Our Breathing Pattern Dictates our Physical Condition
If you think about human evolution over the past several hundred thousand years, you can readily see why nature would have wired two different breathing patterns into our bodies. In our infancy, the human race had to be ready to face life-threatening situations at a moment’s notice, such as attacks by other animals and humans. Even a couple hundred years ago, human beings had to deal with as many physical stressors and threats as most of us have to deal with today.
When we are under threat of physical attack, we biologically react the same way other animals react. Our heart rates accelerate, our abdominal muscles contract and tighten (to protect our internal organs), our breathing moves up into our chests and speeds up to approximately fifteen breaths per minute, and out adrenal glands flood our bodies with adrenaline as an instantaneous energy source in order to fight or flee. In the wild, this buildup of energy was discharged very quickly, you either ran or fought back. And when the danger was over, your body returned to its normal functioning.

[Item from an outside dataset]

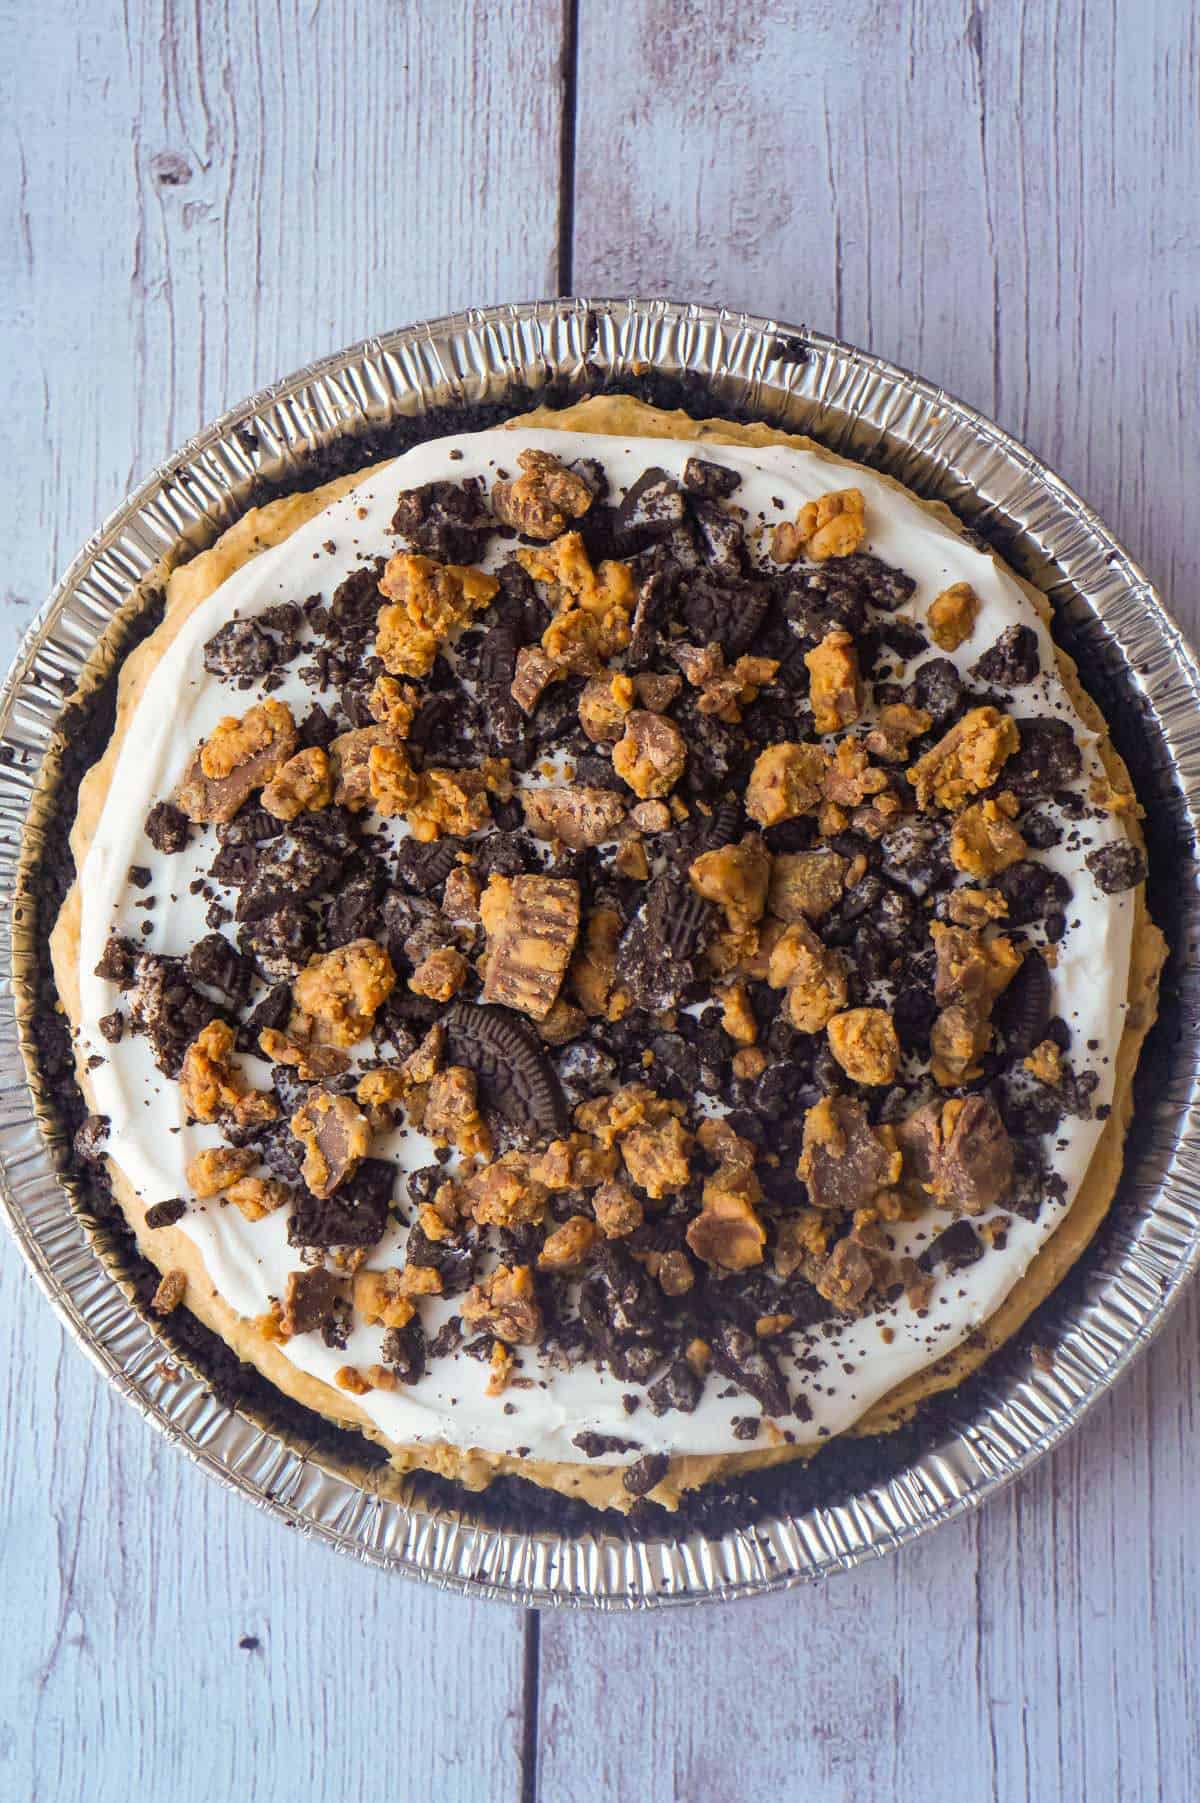 No Bake Oreo Peanut Butter Cup Cheesecake is a quick and easy dessert recipe perfect for any occasion. An Oreo cookie pie crust is filled with a delicious peanut butter and cream cheese mixture loaded with pieces of Reese's Peanut Butter Cups and Oreo cookies. This chocolate peanut butter dessert is perfect for summer.

Past Experiences of Fight or Flight
In most social situations today, it is no longer appropriate to either flee or fight back, even when we are feeling threatened. If you are being criticized by your boss, for instance, you usually cannot run out of the room or fight back. Instead, most of us choose to sit passively while our blood pressures rise, our stomach muscles tighten, our breathing speeds up and becomes shallow, and our adrenal glands begin pumping out chemicals that increase our physical alertness. Yet we have no way to act upon or discharge all of that sudden energy, which we now experience as stress.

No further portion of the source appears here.